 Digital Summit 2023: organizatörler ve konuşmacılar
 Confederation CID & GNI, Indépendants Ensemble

==

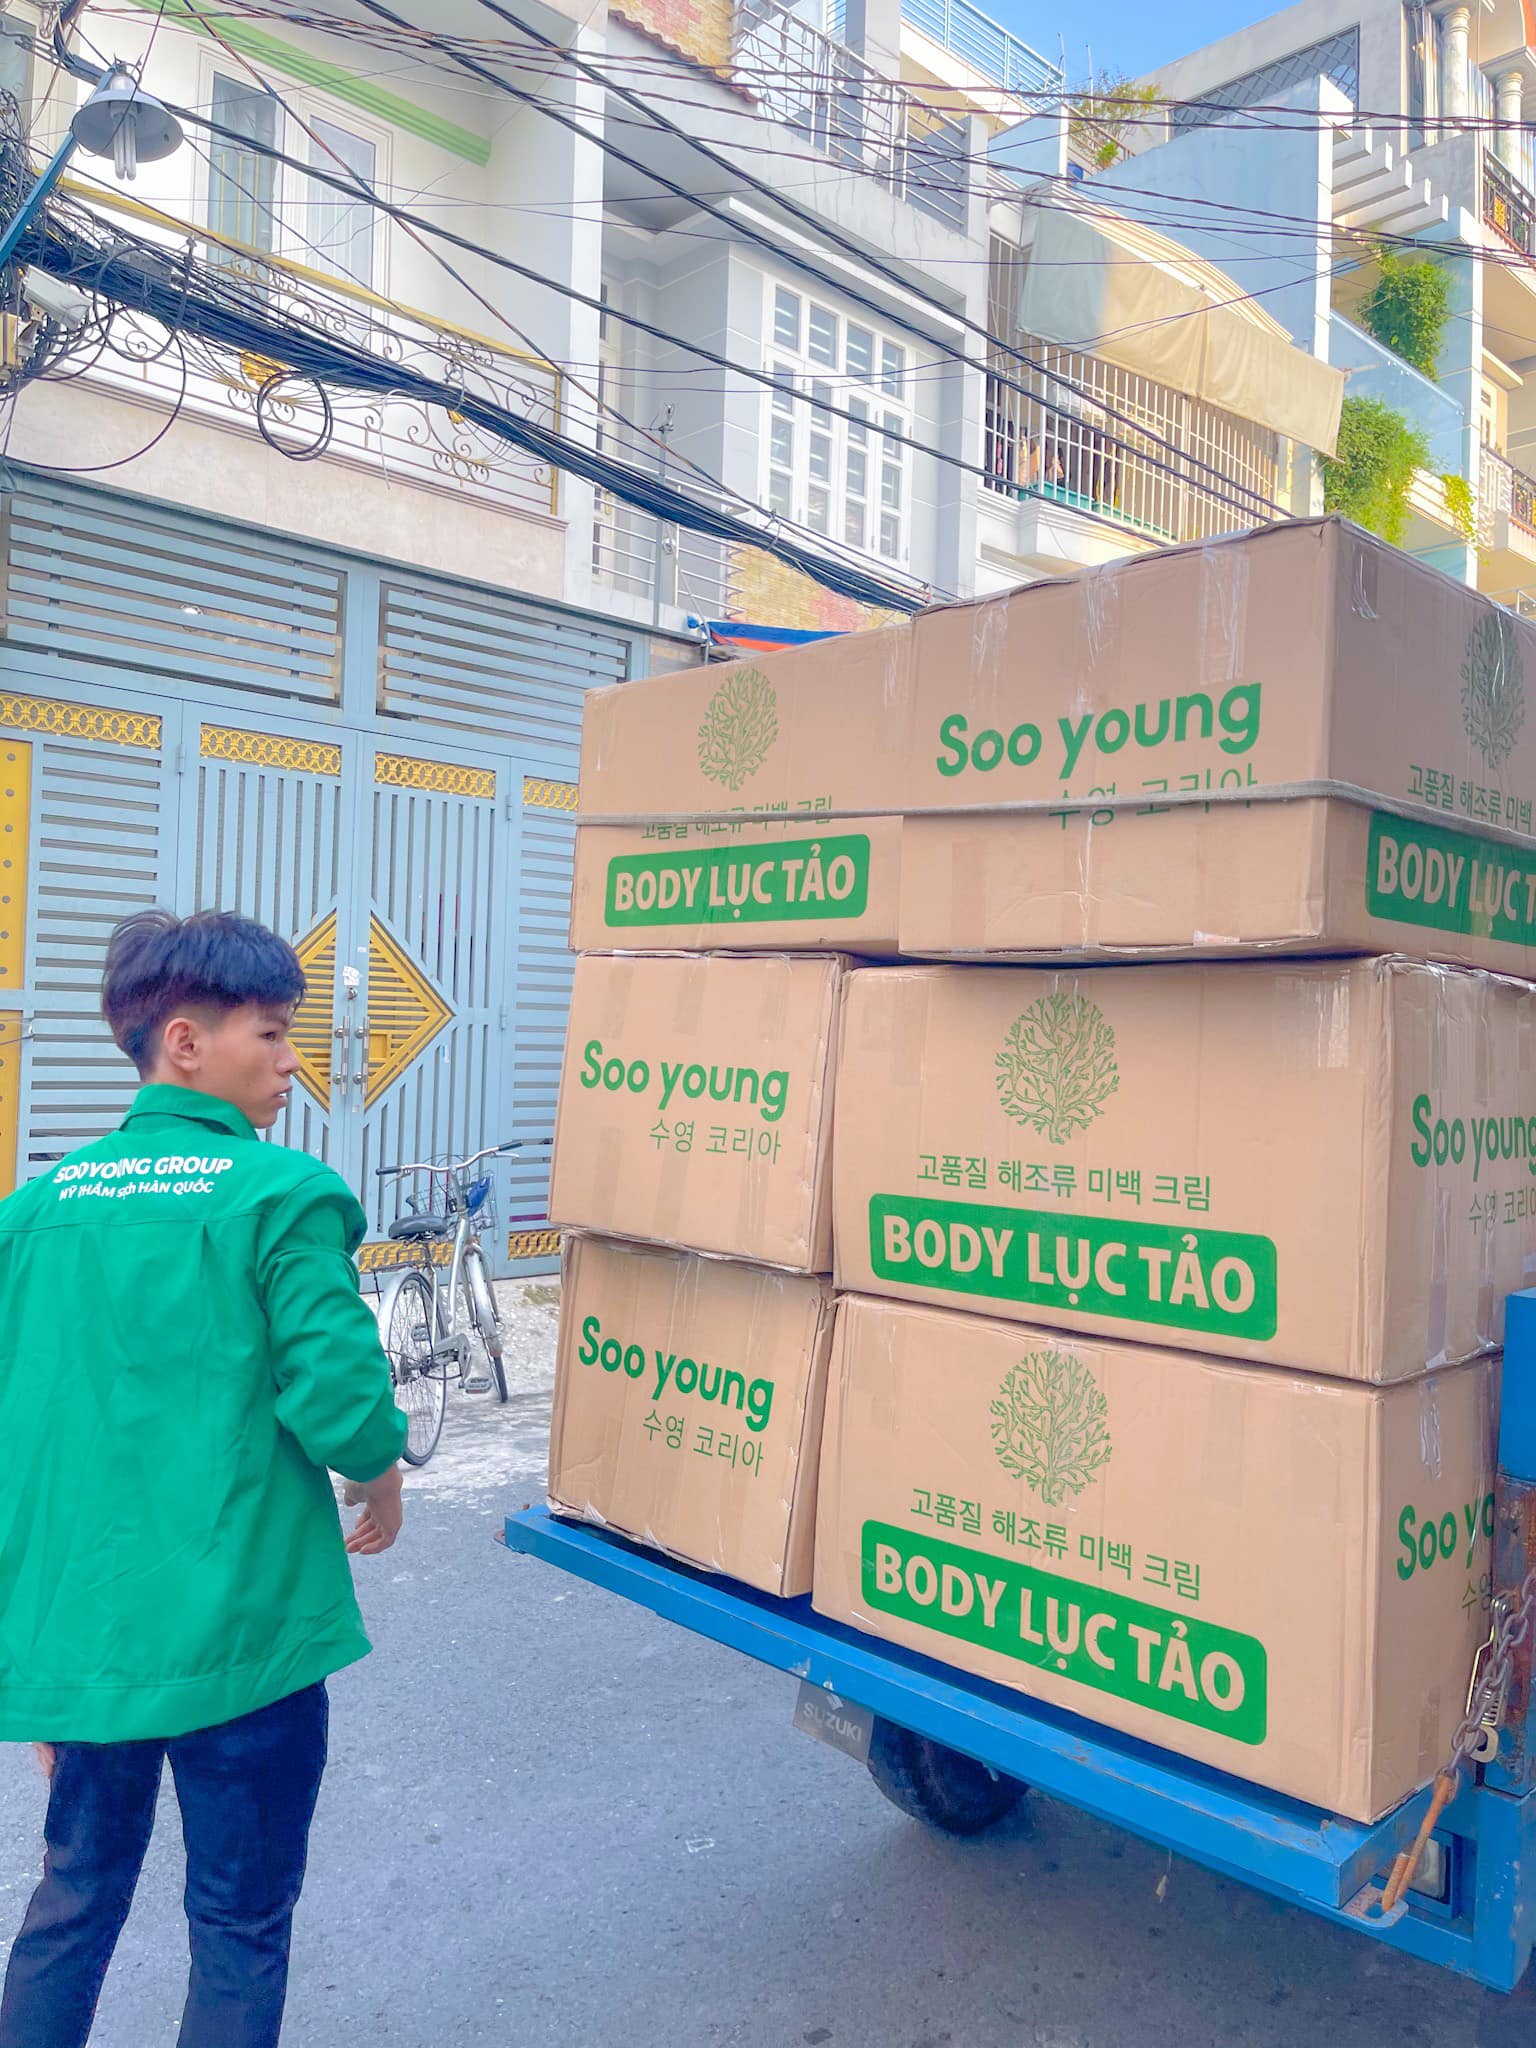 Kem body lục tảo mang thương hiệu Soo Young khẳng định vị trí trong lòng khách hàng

Instructions for the task:
Among the records above, repeat exactly the line with "Digital Summit 2023: organizatörler", the line with "Confederation CID &", and every line in between, and only those.

Response box:
 Digital Summit 2023: organizatörler ve konuşmacılar
 Confederation CID & GNI, Indépendants Ensemble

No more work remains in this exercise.